Sicilia, l’isola del solare termodinamico

Una fonte rinnovabile continua, che fornisce energia anche di notte, che si può fare in Italia (soprattutto nel sud) e nel Mediterraneo con rese immensamente maggiori al resto d’Europa, che dà lavoro a una grande quantità di persone in fase di costruzione e di funzionamento. E’ il solare termodinamico, una tecnologia tutta italiana (a lanciarla, nella sua versione più innovativa che prevede sali fusi al posto del meno efficiente e potenzialmente inquinante olio, fu il premio Nobel Carlo Rubbia, all’epoca presidente dell’ENEA) su cui il nostro Paese ha attualmente un vantaggio competitivo. Una tecnologia che i recenti decreti governativi sulle rinnovabili hanno scelto di sostenere e che può dare un contributo decisivo al mix nazionale di fonti rinnovabili compatibili con il paesaggio e la sensibilità sociale. E per avviare la fase di vero e proprio lancio, il mondo produttivo e sociale sceglie la Sicilia, futura possibile capitale del solare termodinamico. Con una nuova modalità: partire dai bisogni dei cittadini e del territorio e non da piani industriali calati dall’alto. Per questo, nel convegno “Sicilia, l’isola del Solare termodinamico” si firma oggi la Carta del Sole, un patto tra territorio e impresa per una energia che può contribuire a rilanciare il sistema produttivo siciliano e a fornire una fonte locale di energia per i cittadini, oltre a formare lavoratori specializzati e knowhow esportabile.

 Queste, in sintesi, le linee emerse dal convegno “Sicilia, l’Isola del Solare termodinamico. Carta del Sole, un patto per l’energia tra territorio e industria”, organizzato da ANEST (Associazione Nazionale Energia Solare Termodinamica) e FRED Sicilia (Forum Regionale per l’Energia Distribuita)in partnership con Confindustria Sicilia e Fondazione Sicilia nell’ambito dell’iniziativa su “Il modello energetico siciliano, occasione per l’Europa e il Mediterraneo”. All’iniziativa hanno partecipato tra gli altri il Ministro dell’Ambiente Corrado Clini (in videoconferenza), il presidente di ANEST Gianluigi Angelantoni, il vicepresidente di Confindustria Sicilia Giuseppe Catanzaro, il presidente della Fondazione Sicilia Giovanni Puglisi, la segretaria della Cgil Sicilia Mariella Maggio, il commissario ENEA Giovanni Lelli, il responsabile del FRED Sicilia Alfio La Rosa, oltre ad alcuni candidati alla presidenza della Regione Sicilia. Alla fine della mattinata, è stata presentata e firmata la Carta del Sole, il patto per lo sviluppo del solare termodinamico nell’Isola nel rispetto dell’ambiente e della vocazione dei territori.

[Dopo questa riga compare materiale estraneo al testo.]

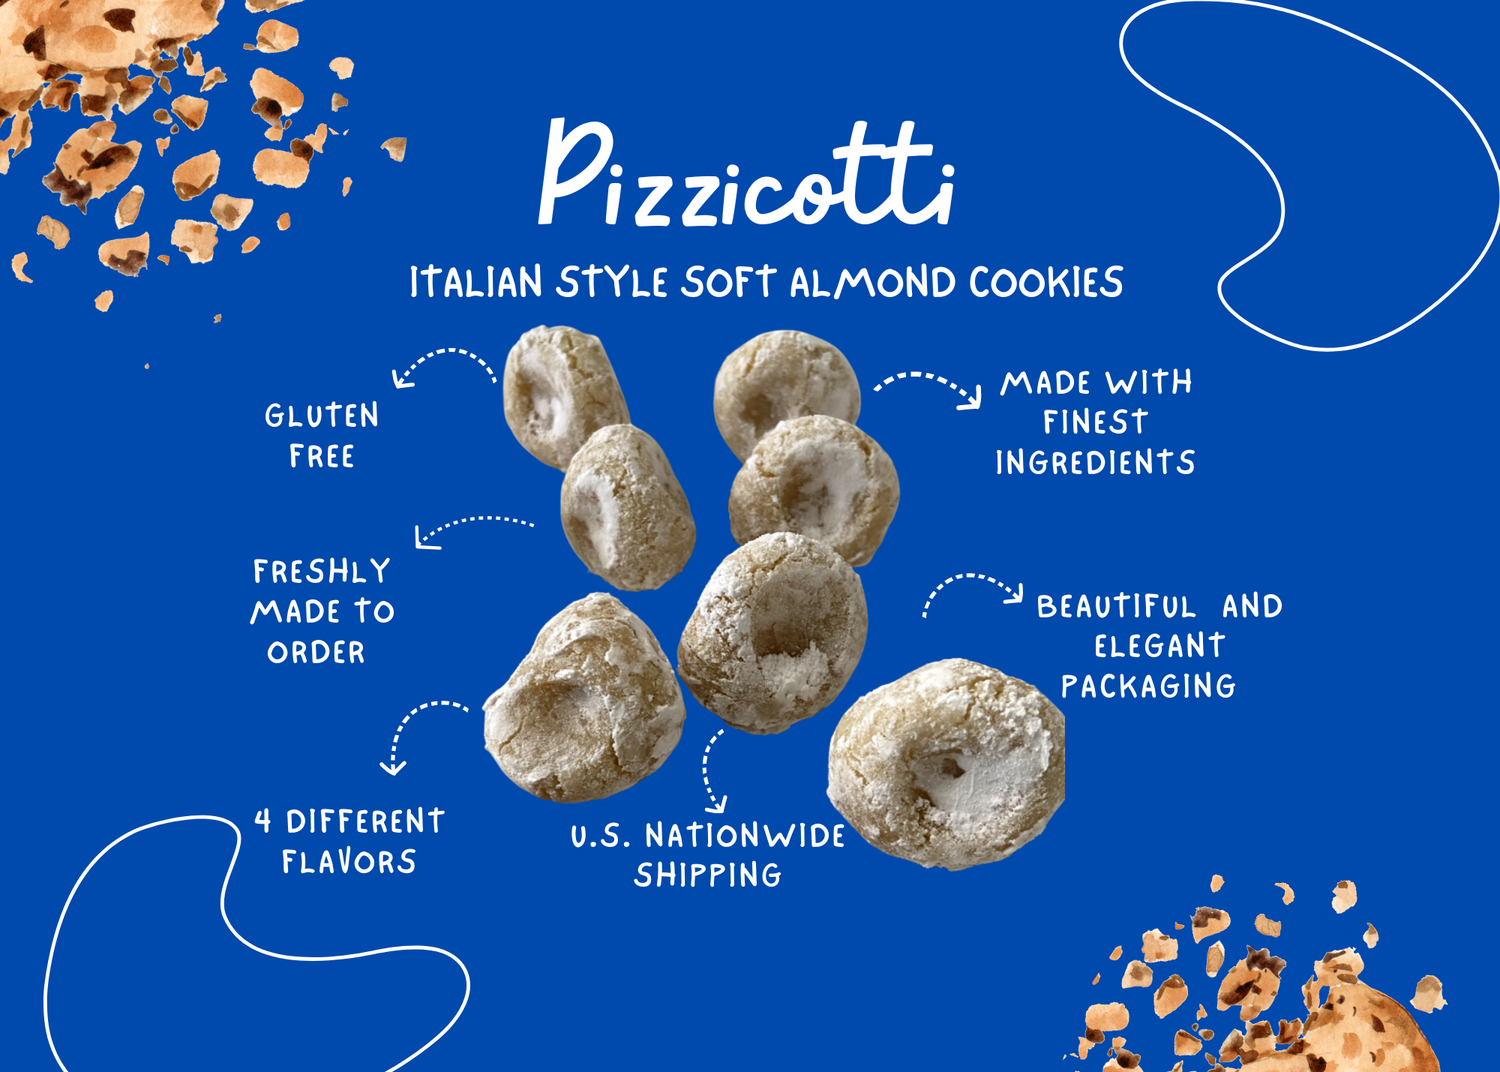 Description of what are pizzicotti

 “Con la Carta del Sole che”, ha afferma il ministro Clini, “si propone oggi alla firma delle parti sociali, del mondo economico e imprenditoriale e dei protagonisti della politica regionale si inaugura anche un altro modo, più vicino alle esigenze dei cittadini e dei territori, per lo sviluppo di un’energia che completa il mix delle rinnovabili portando delle significative innovazioni. L’innovazione mirata alla sostenibilità – ha proseguito il ministro dell’Ambiente- è alla base delle politiche che stiamo perseguendo attraverso non soltanto strumenti normativi ma soprattutto con incentivi di mercato o di tipo fiscale, come il credito d’imposta o come i fondi rotativi, i quali facilitano l’accesso al credito per gli investimenti puliti”.

 Per Gianluigi Angelantoni, presidente di ANEST, “il potenziale del solare termodinamico è altissimo. L’obiettivo del piano energetico nazionale presentato nel 2011 è di 600 megawatt: il suo raggiungimento darebbe occupazione a 18.000 persone in fase di costruzione e a 600 in fase di gestione. E il solare termodinamico può arrivare a competere entro il 2020 con il costo del kilowattora prodotto dal petrolio, soprattutto se le aziende italiane potranno continuare a fare quello che hanno fatto finora in questo campo: innovare e brevettare nuovi sistemi più efficienti.